As with Crimea, Obama (consulting, of course, NATO allies like German chancellor Angela Merkel) might decide that the costs of defending Narva exceed the marginal benefits. Merkel and Obama would have to spend a lot of time mopping up the damage, but there are ways to reassure Poland, the Baltic states and the rest of eastern Europe that Narva, alone, isn’t worth starting World War III.
It’s a vexing hypothetical. But it’s a hypothetical. Obama (nor any other NATO leader) would ever publicly do or say anything to cast doubt — prospectively! — on the commitment to defend NATO allies.
If Putin ever crossed that line, and NATO didn’t defend Narva, sure, it would embarrass NATO, and it would undermine NATO’s credibility. That’s probably why Putin would do it — with no further economic, military or geopolitical costs of a wider invasion, it’s the ultimate way of symbolically undermining Article Five. If you’re Putin, you don’t have to annex all of Estonia or Lithuania or Latvia. You just have to cross the line, just barely, just once.
Of course, Putin could cause even more damage with Trump’s implicit nod in non-NATO countries like Moldova, Ukraine, Georgia and even Kazakhstan (where leaders worry Putin may one day go after the Caspian Sea oil reserves).
And sure enough, Estonia’s outspoken president Toomas Hendrik Ilves took to Twitter earlier this morning to defend his country:
We are equally committed to a l l our NATO allies, regardless of who they may be. That's what makes them allies.
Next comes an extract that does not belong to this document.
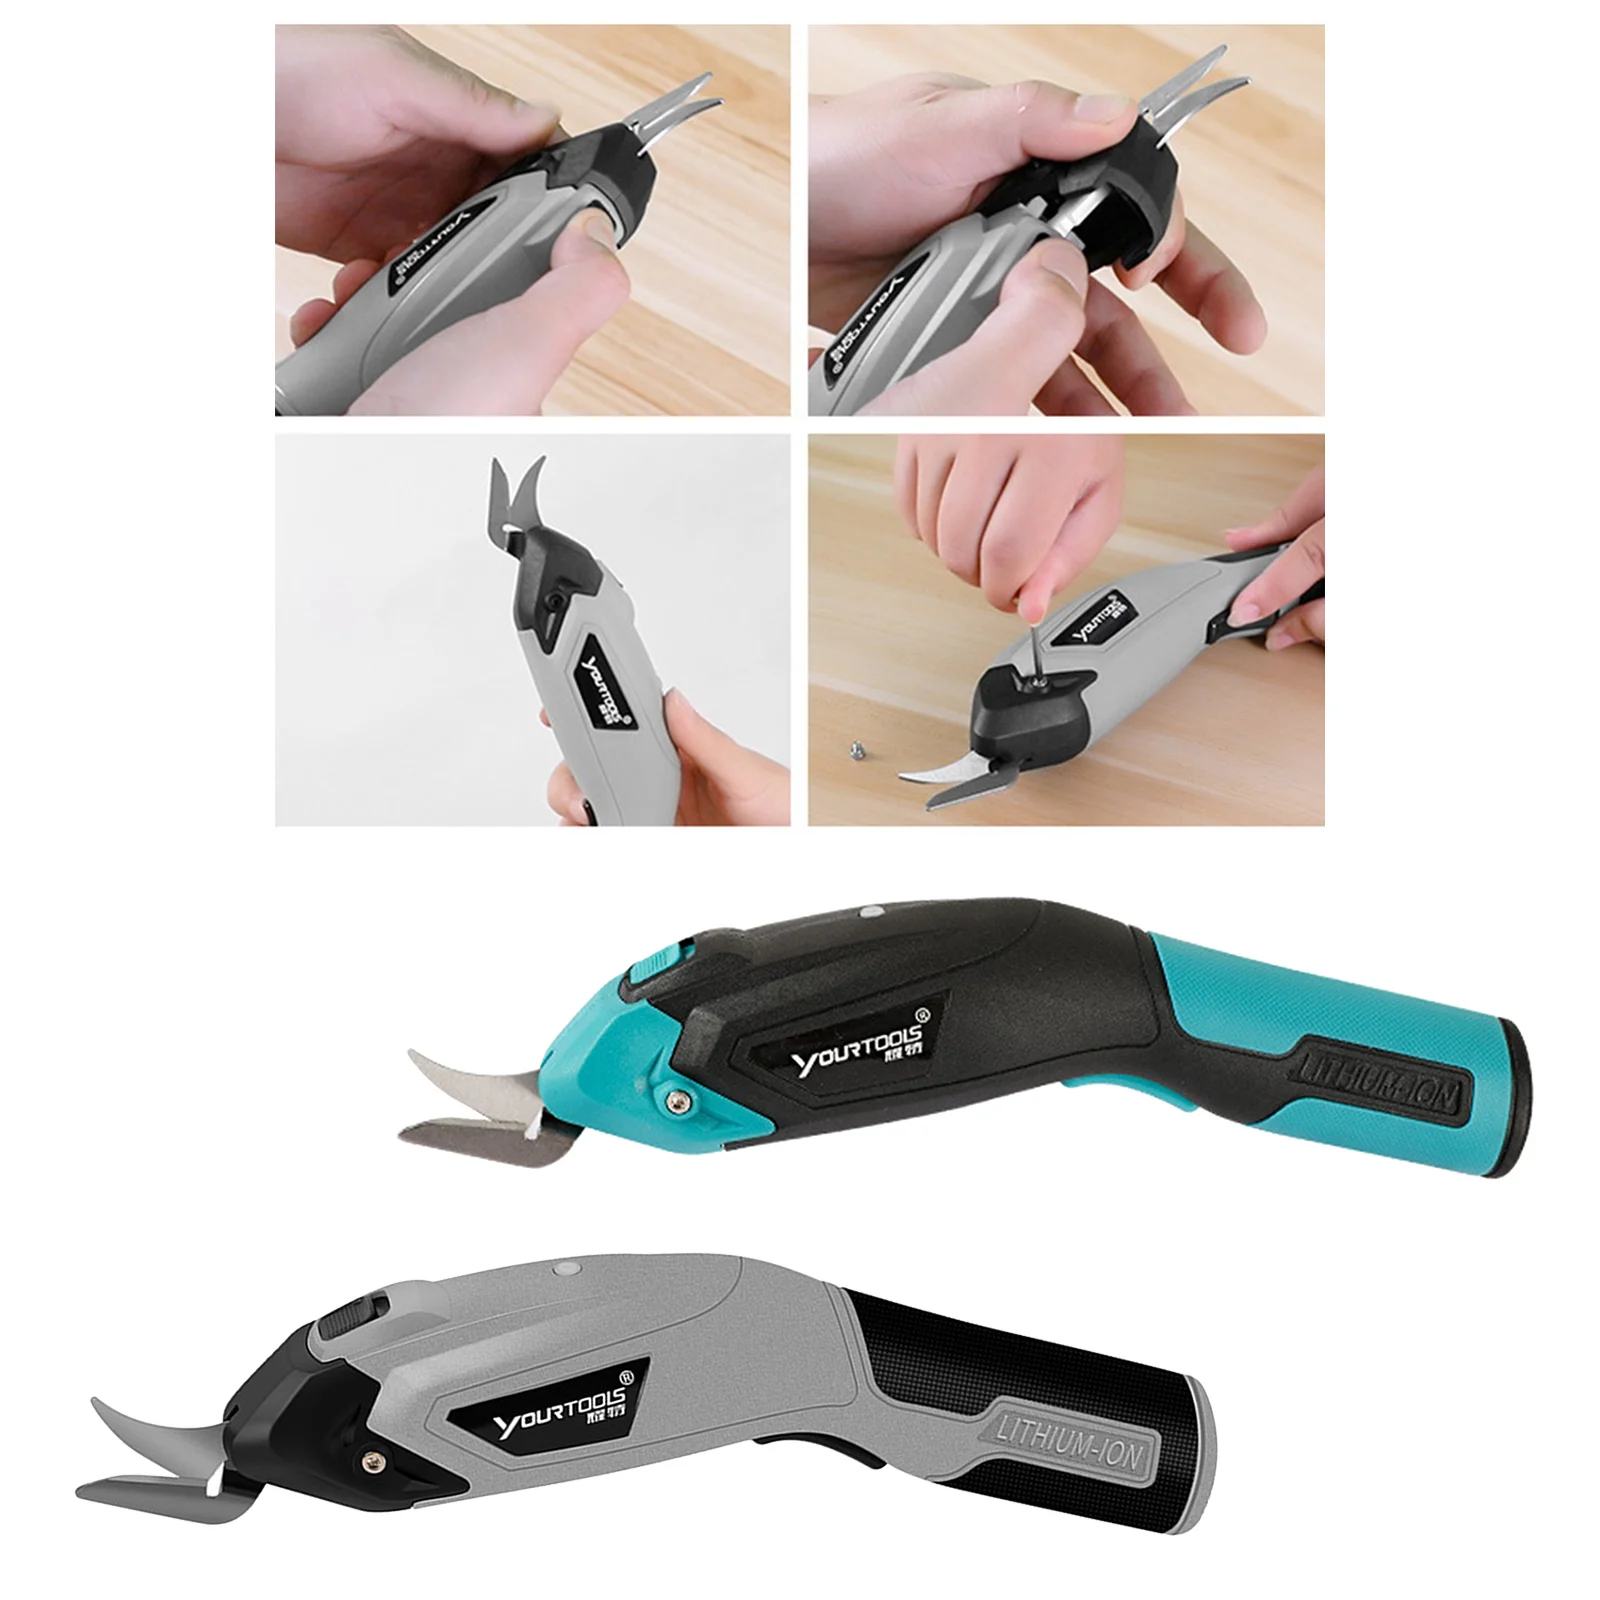 Portable Electric Scissors USB Rechargeable Box Cutter for Leather Crafts Cardboard Shears Carpet Cutting Tool

— toomas hendrik ilves (@IlvesToomas) July 21, 2016
Estonia is 1 of 5 NATO allies in Europe to meet its 2% def expenditures commitment. Fought, with no caveats, in NATO's sole Art 5 op. in Afg
— toomas hendrik ilves (@IlvesToomas) July 21, 2016
Trump’s comments, though, invite Putin to take Narva almost as soon Trump would be inaugurated president in January 2017. Why wait? Trump could be impeached or die in office. Russia, meanwhile, would never get such a great opportunity to undermine the international norms that NATO has established for decades. In that scenario, it really would defy reality to call the sitting US president ‘the leader of the free world.’
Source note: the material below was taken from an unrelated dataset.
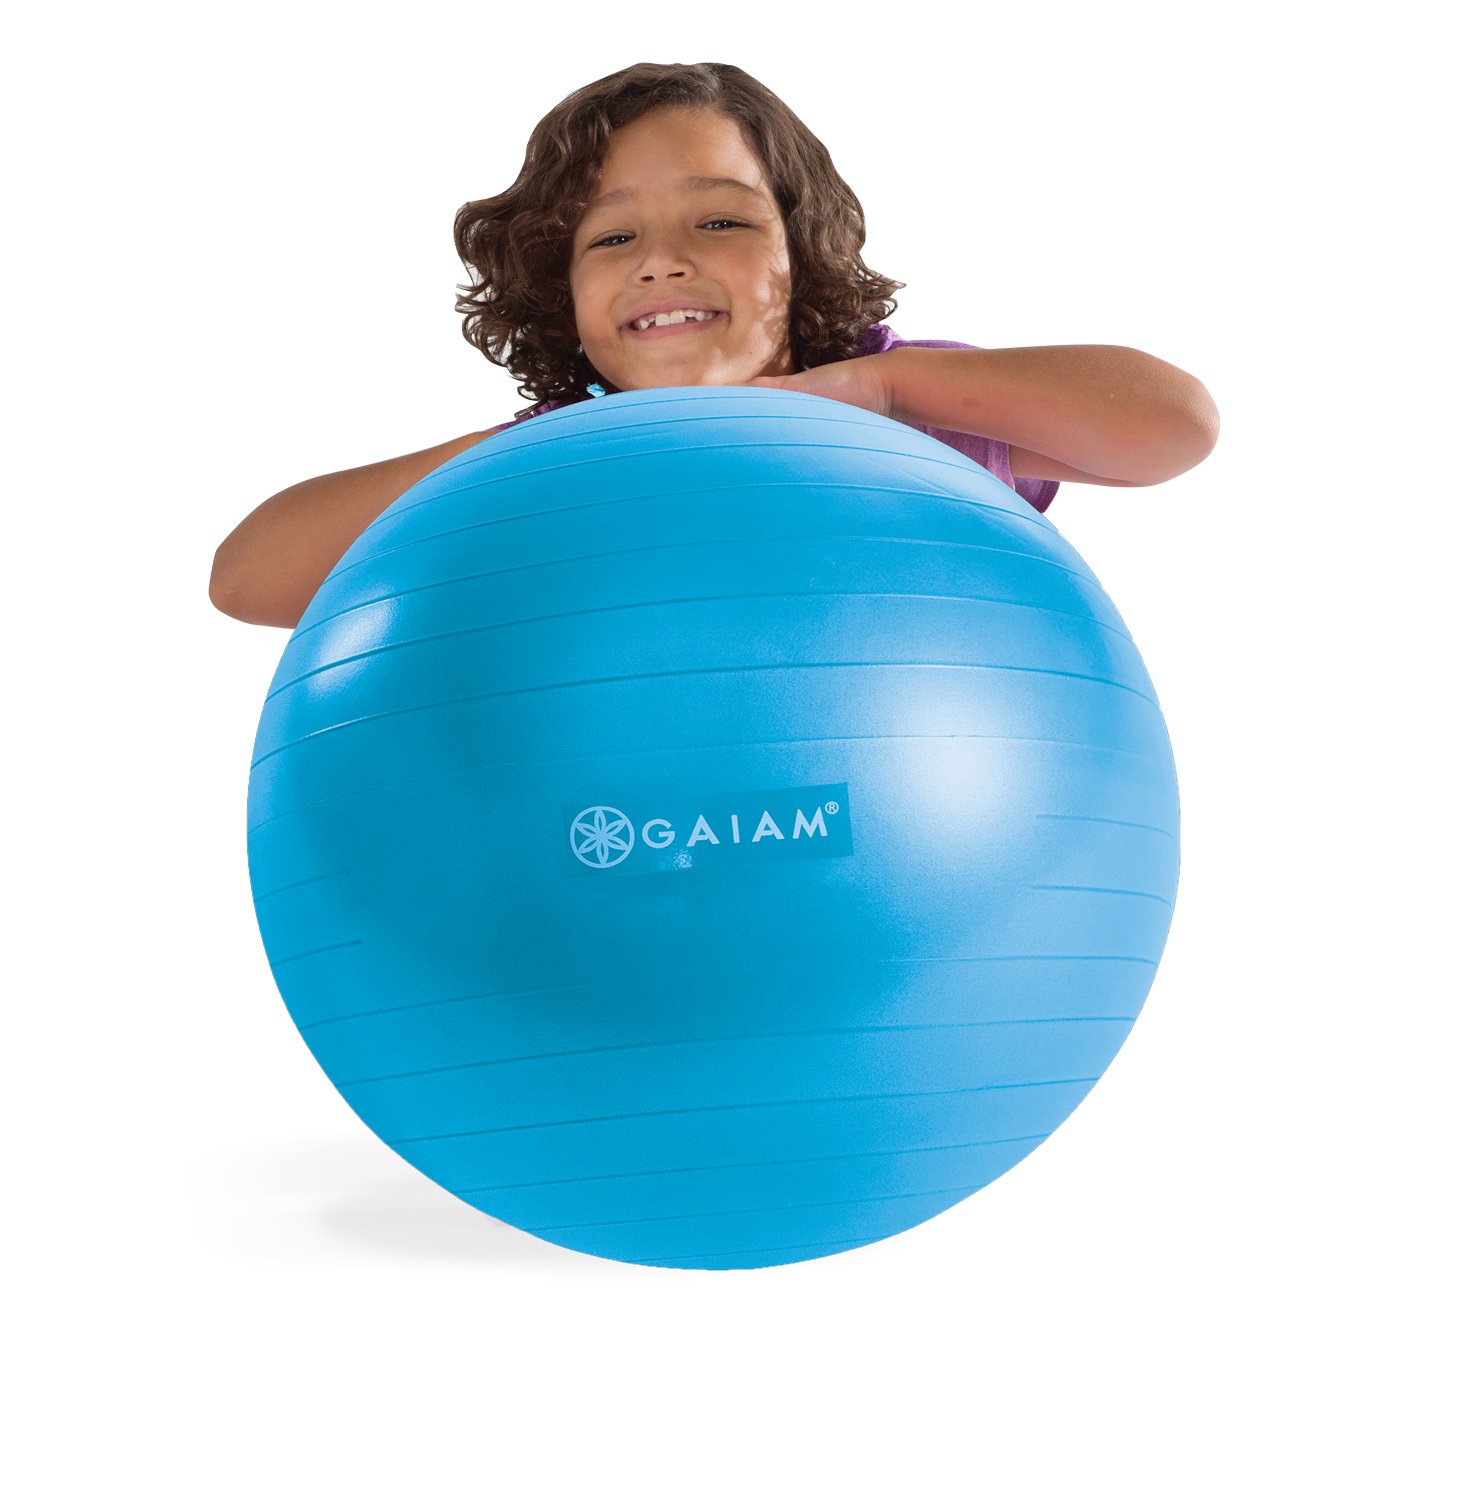 Gaiam Kids Balance Ball - Exercise Stability Yoga Ball, Kids Alternative Flexible Seating for Active Children in Home or Classroom (Satisfaction Guarantee), 45cm

What would Trump do? If he is goaded into responding (which seems likely, given his thin-skinned personality), his July comments will have propelled the United States into a needless conflict with Russia.
If he does nothing, he’ll have let Putin one-up him on NATO.
Earlier this month, Franklin Foer put together a long case in New York Magazine that suggests Trump is, essentially, Putin’s puppet. The circumstantial evidence is strong, from Trump campaign manager Paul Manafort’s relationship with the disgraced, pro-Russia former Ukrainian president Vladimir Yanukovych to Trump’s own business record and predilection toward Moscow to his praise — during the 2016 campaign — of Putin, while simultaneously denying Putin’s role in the murdered journalists that have proliferated under his rule. In the leadup to the Republican convention this week, Trump’s campaign interfered little with the Republican platform, except to weaken language about supporting Ukraine (including striking language to support providing weapons and other lethal aid to Ukraine’s pro-western government). Wednesday night’s comments about NATO and foreign affairs did nothing to disabuse American voters of the strange but increasingly plausible notion that Trump would, if elected, be Putin’s stooge. We’re not necessarily in ‘Manchurian Candidate’ territory, but it’s close.
That’s amazing, given that polls give Trump a small chance — but a chance — of become the 45th president of the United States. But, as with so much of his presidential campaign, it’s also unprecedented, irresponsible and it’s dangerous.